Thw workshop combines the two types of voice workshops that an actors requires -physically warming up the voice to get it ready to work, and the more intellectual side of unlocking the text and finding a way to make it make sense.

After the vocal warm-up, Andrea does a couple of these exercises with the text. Not all of them will work for everybody and not all of them would be suitable for every piece of text but they are a good starting point. It’s useful to try out the different ideas and exercises from her, and pick and choose what might be useful in the future.

In the Macbeth workshop, we were told to pick out all the people mentioned in the text – the witches, Duncan, Banquo, Banquo’s son – and imagine them standing around you as you say the text. When they are mentioned in the text, you have to point to them; and when Macbeth is speaking of himself, you point to yourself. It was an interesting exercise because you start identifying the feelings you have about each person. It’s also interesting to note how often each person appears in the text, Macbeth refers to himself a lot and gradually becomes more obsessed with Banquo’s sons.

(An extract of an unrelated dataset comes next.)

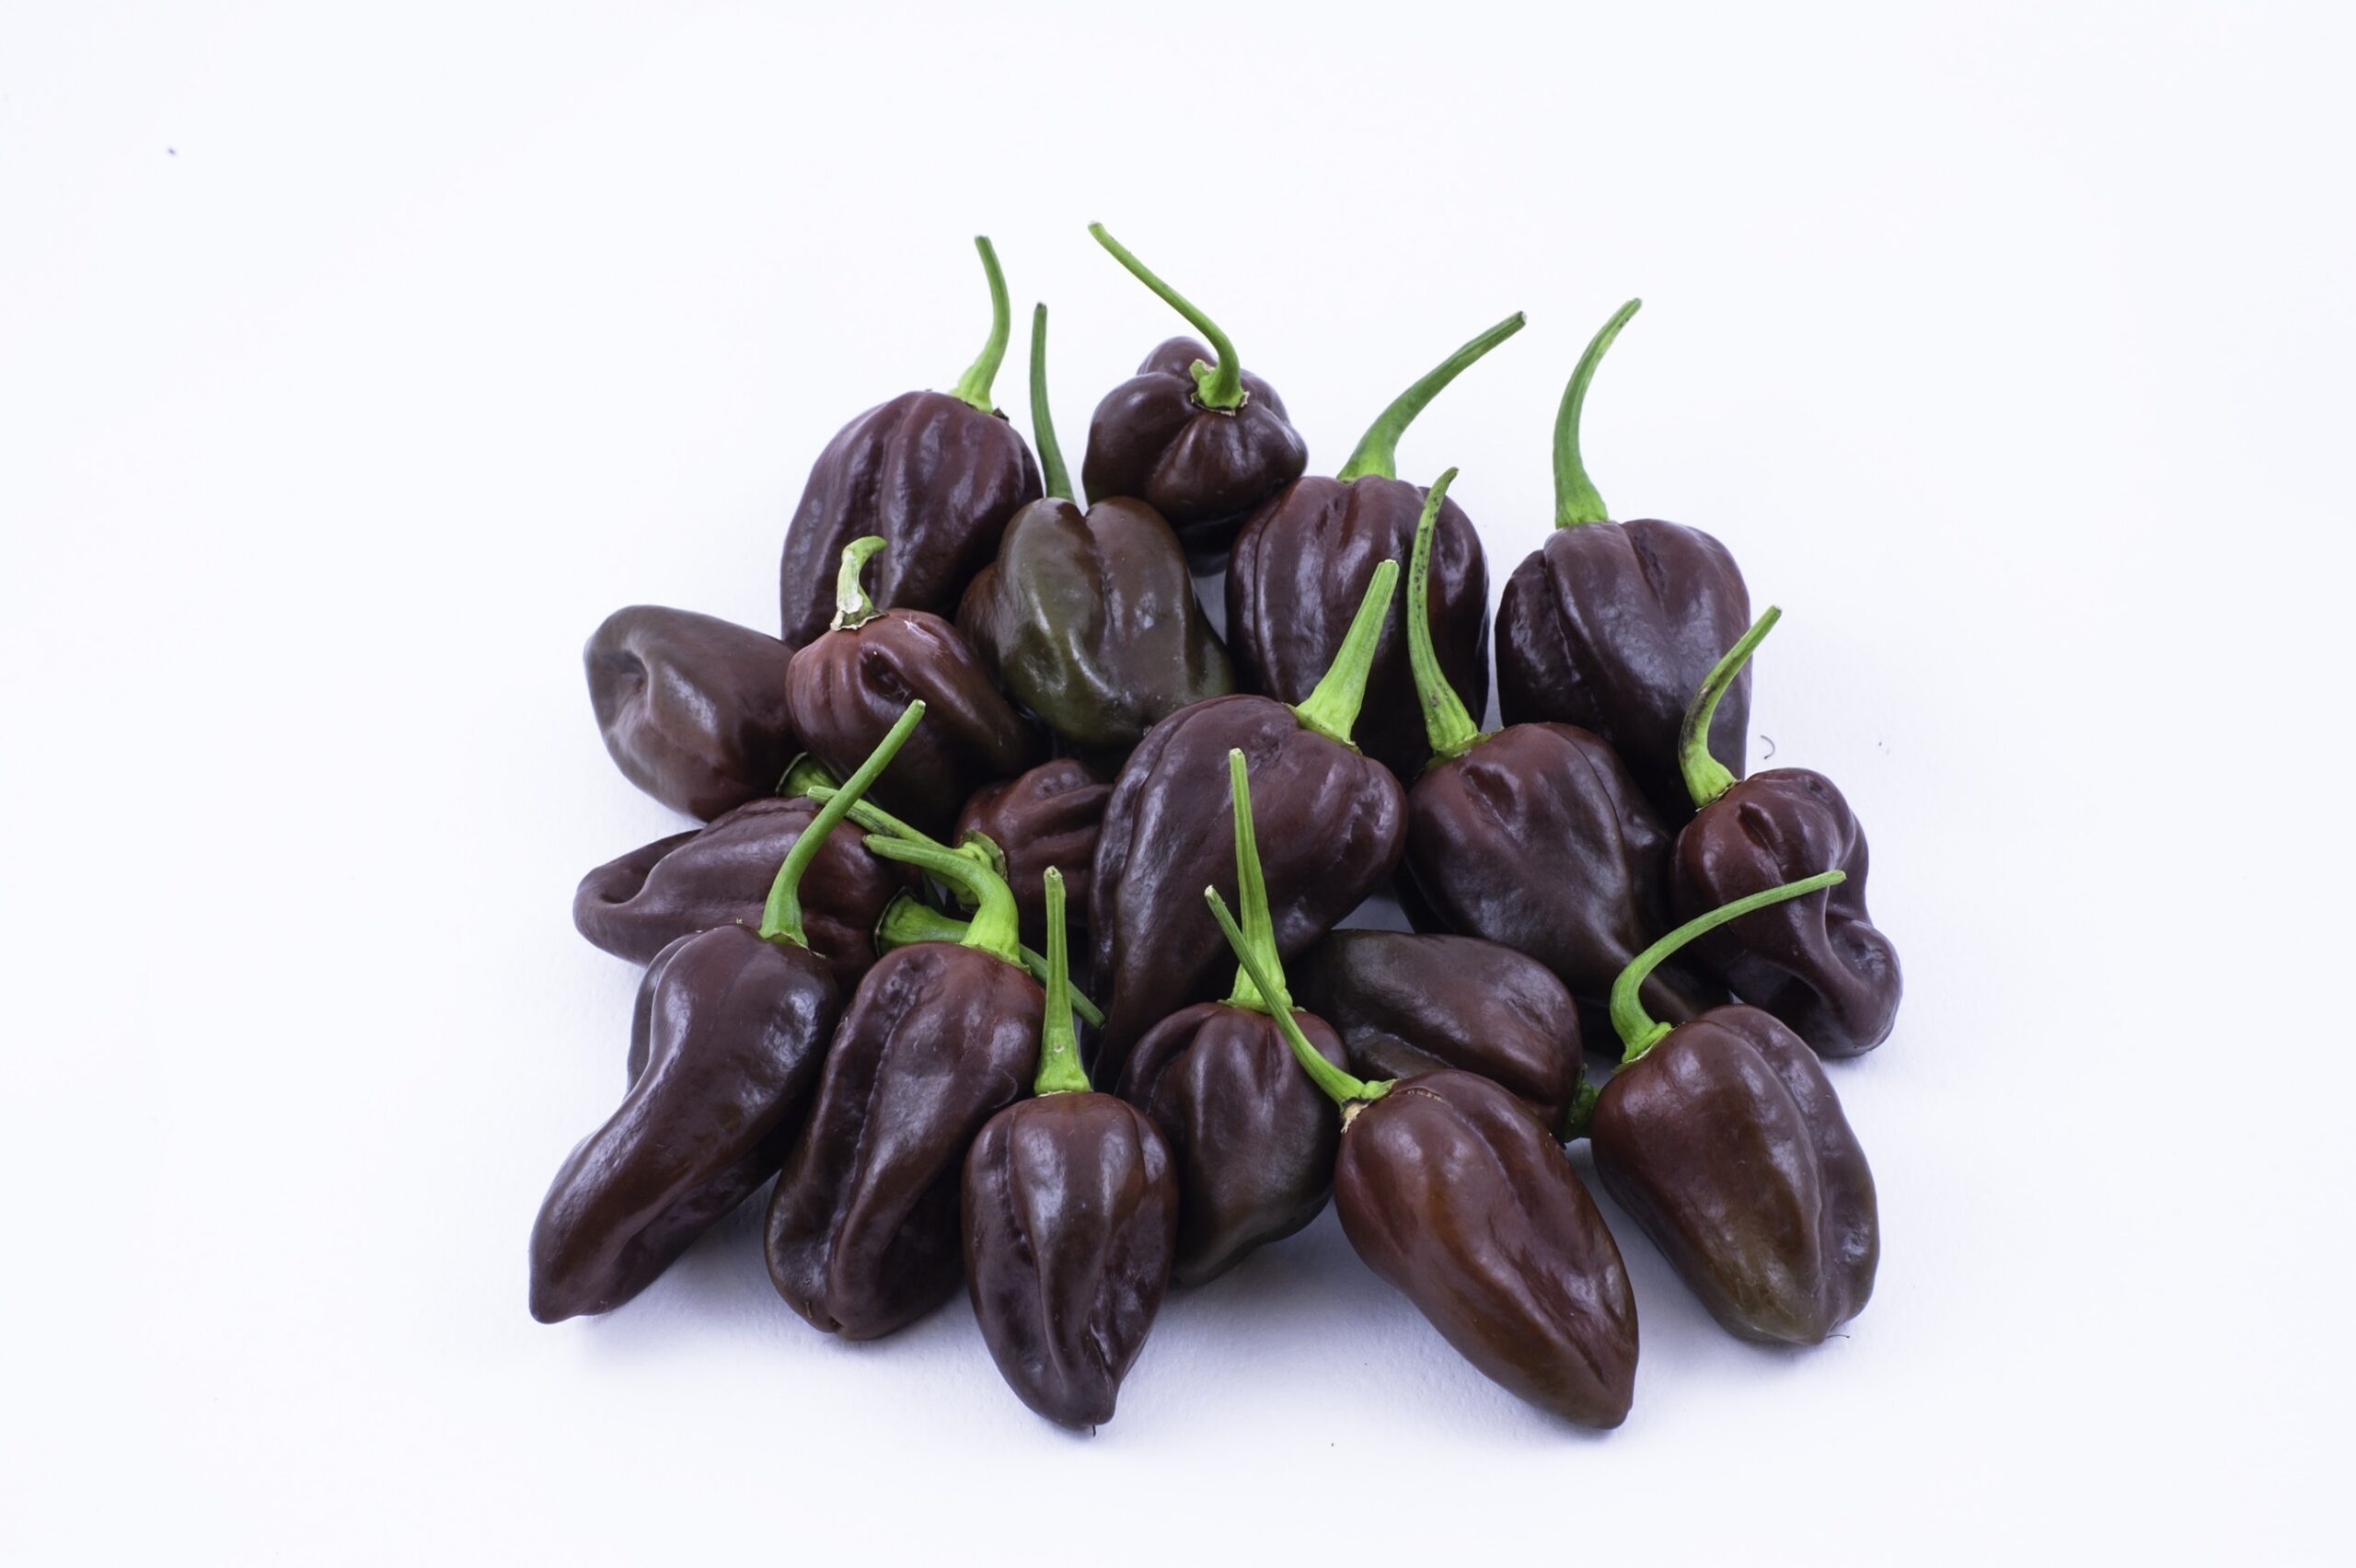 Chocolate Habanero peppers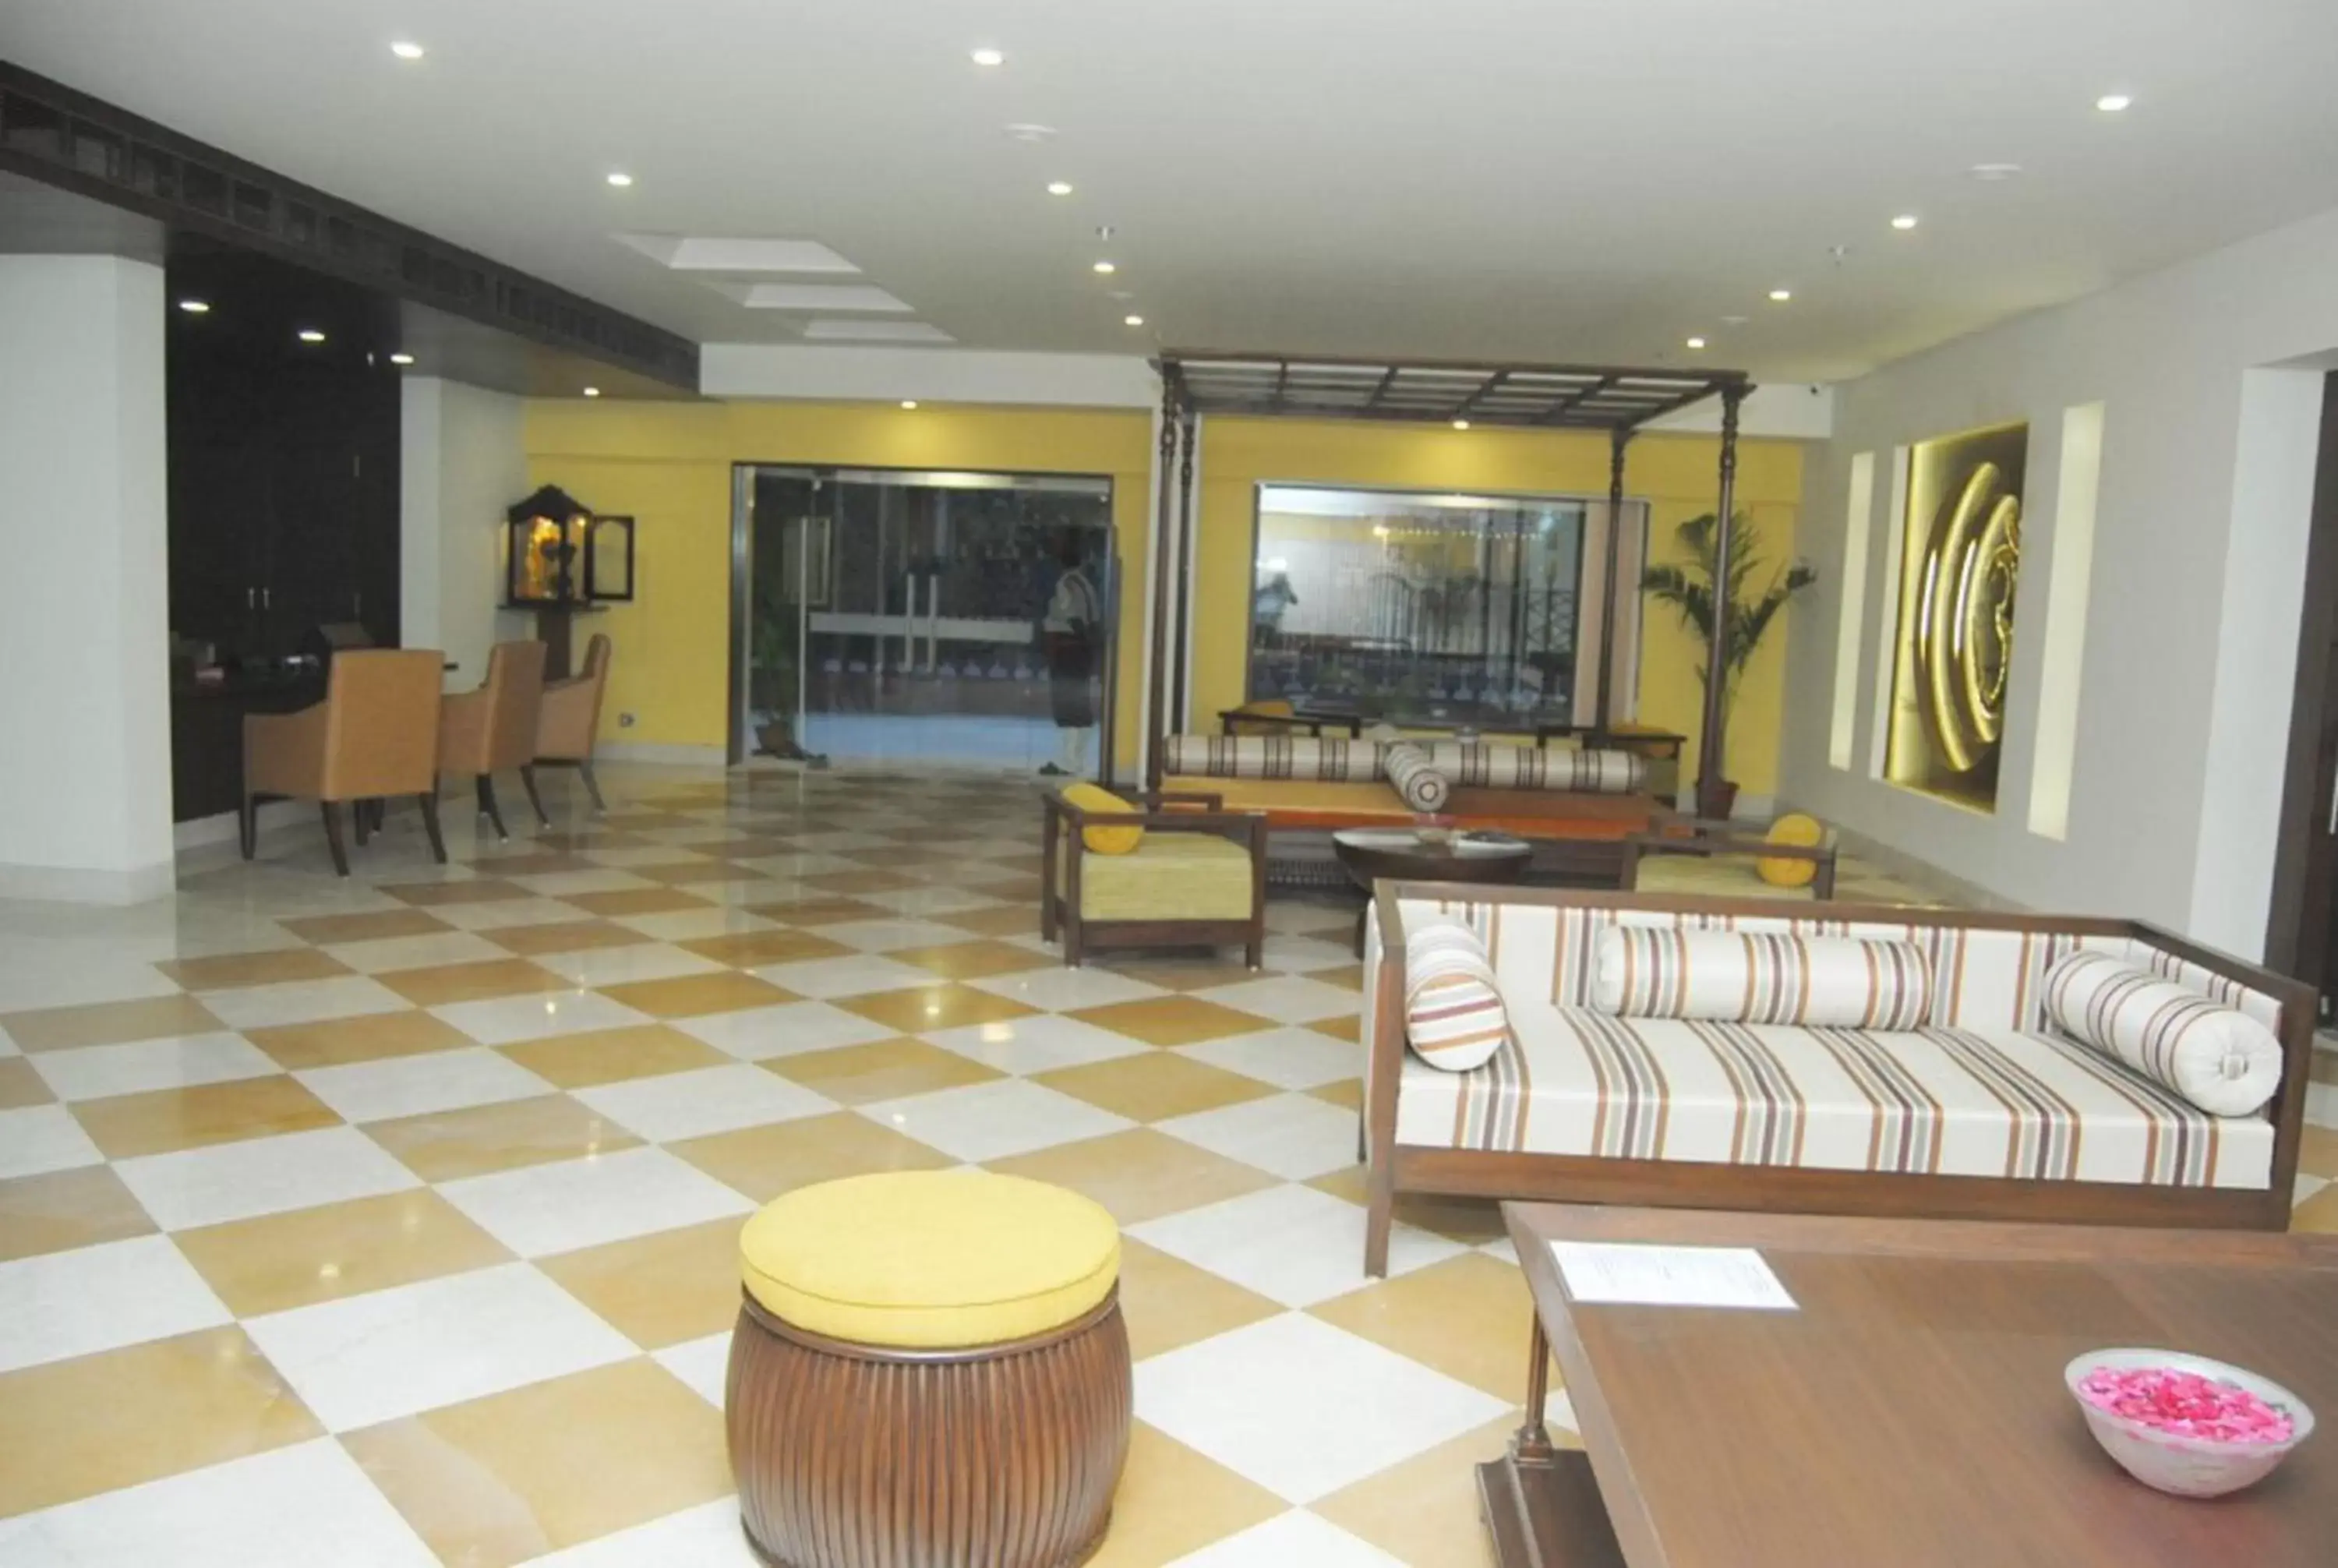 Area and facilities, Lobby/Reception in Hotel Abigail Goradia's

After lunch and a bit of a chat with the other workshop participants, we headed back into the theatre for the matinee performance. I did Macbeth for my Leaving Cert (way back in 1999) so I am intimiately familiar with the play. It was a good show – the usual mad women but not too much blood and gore. There was a nice bit of lighting used for the ‘Is this a dagger that I see before me’ scene and I really enjoyed the Porter’s scene.

The next Talking Text workshop is on Saturday 4 September, and the text is The Plough and the Stars.

And, in case you were wondering, I didn’t notice anyone shying away from saying the dreaded ‘Macbeth’ word inside the theatre. And nothing bad happened!